Asch later opened a practice in Mexico and later in Argentina. He was formally fired by the university in 2000. He attained a Mexican citizenship in 2001 in addition to his native Argentine citizenship.

===Extradition efforts and acquittal===

In 2004, Asch was arrested in Buenos Aires. He was tried in Argentina and in 2008 was acquitted of all charges.
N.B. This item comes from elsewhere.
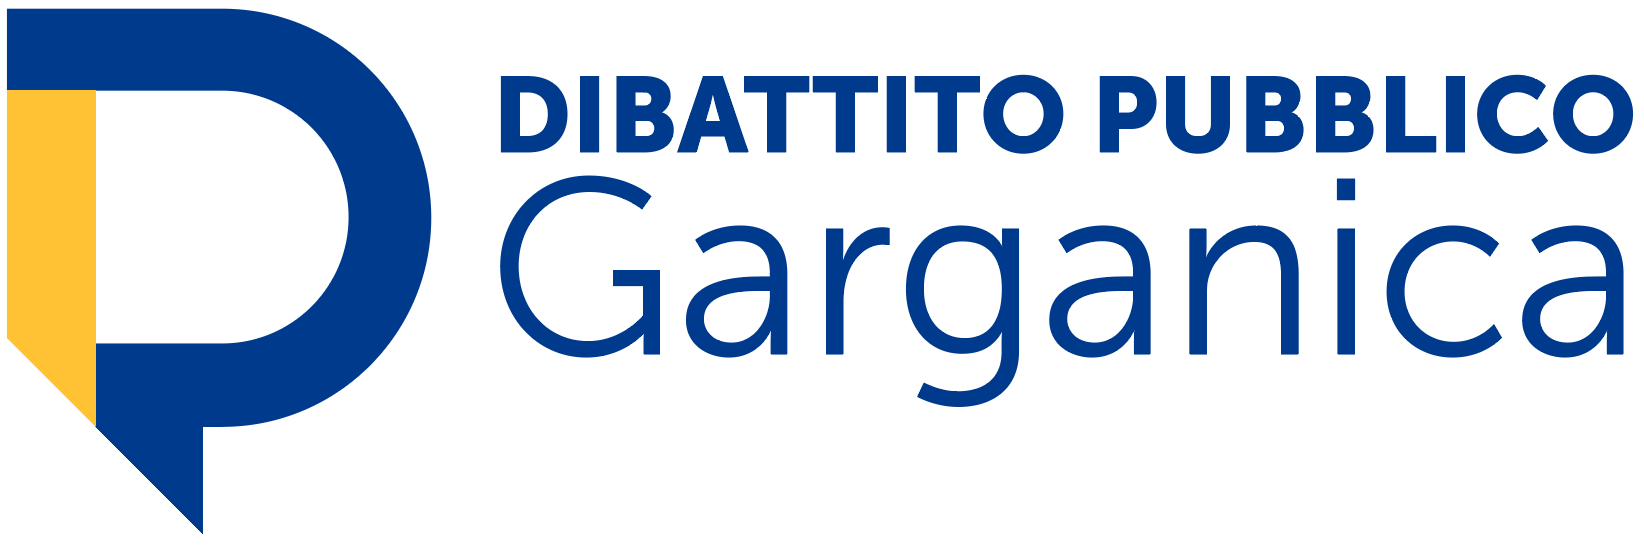 Dibattito pubblico potenziamento collegamento stradale tra Vico del Gargano e Mattinata

Asch was arrested again in Mexico in November 2010. On December 30, 2010, the Mexican Attorney's General Office (PGR) announced on its website that it had initiated proceedings to have Asch extradited to the United States. However, Asch was released on bail in early 2011. Subsequently, the judge ruled that as Asch had already been tried in Argentina and acquitted, and as no new evidence was provided, the "double jeopardy" rule applied, thus Asch was free and would not be extradited to the United States.

==Research==
Asch worked with reproductive technology and pioneered gamete intrafallopian transfer (GIFT), a technique in which eggs are removed from a woman's ovaries, and placed in one of the Fallopian tubes, along with the man's sperm. He also worked on research linking marijuana and other drugs to hormone production, ovary function, and the effect on testicles in primates, and the possible negative effects of the usage of neuroactive drugs during adolescence and puberty. Asch worked with Andrew Schally understanding the effects of the Gonadotropin-releasing hormone (GnRH) in infertility and contraception in primates. In 1999 he worked on methods for giving birth to a healthy baby in couples with one HIV+ partner.

According to Scopus, Asch has an h-index of 46, and over 6700 citations, which would place him in the top 1% of researchers by citations in the Essential Science Indicators.

==Awards and other activities==
Asch, who owned an entertainment company at the time of the scandal, was one of the producers of the Andre Agassi and Nick Bollettieri instructional tennis video Attack.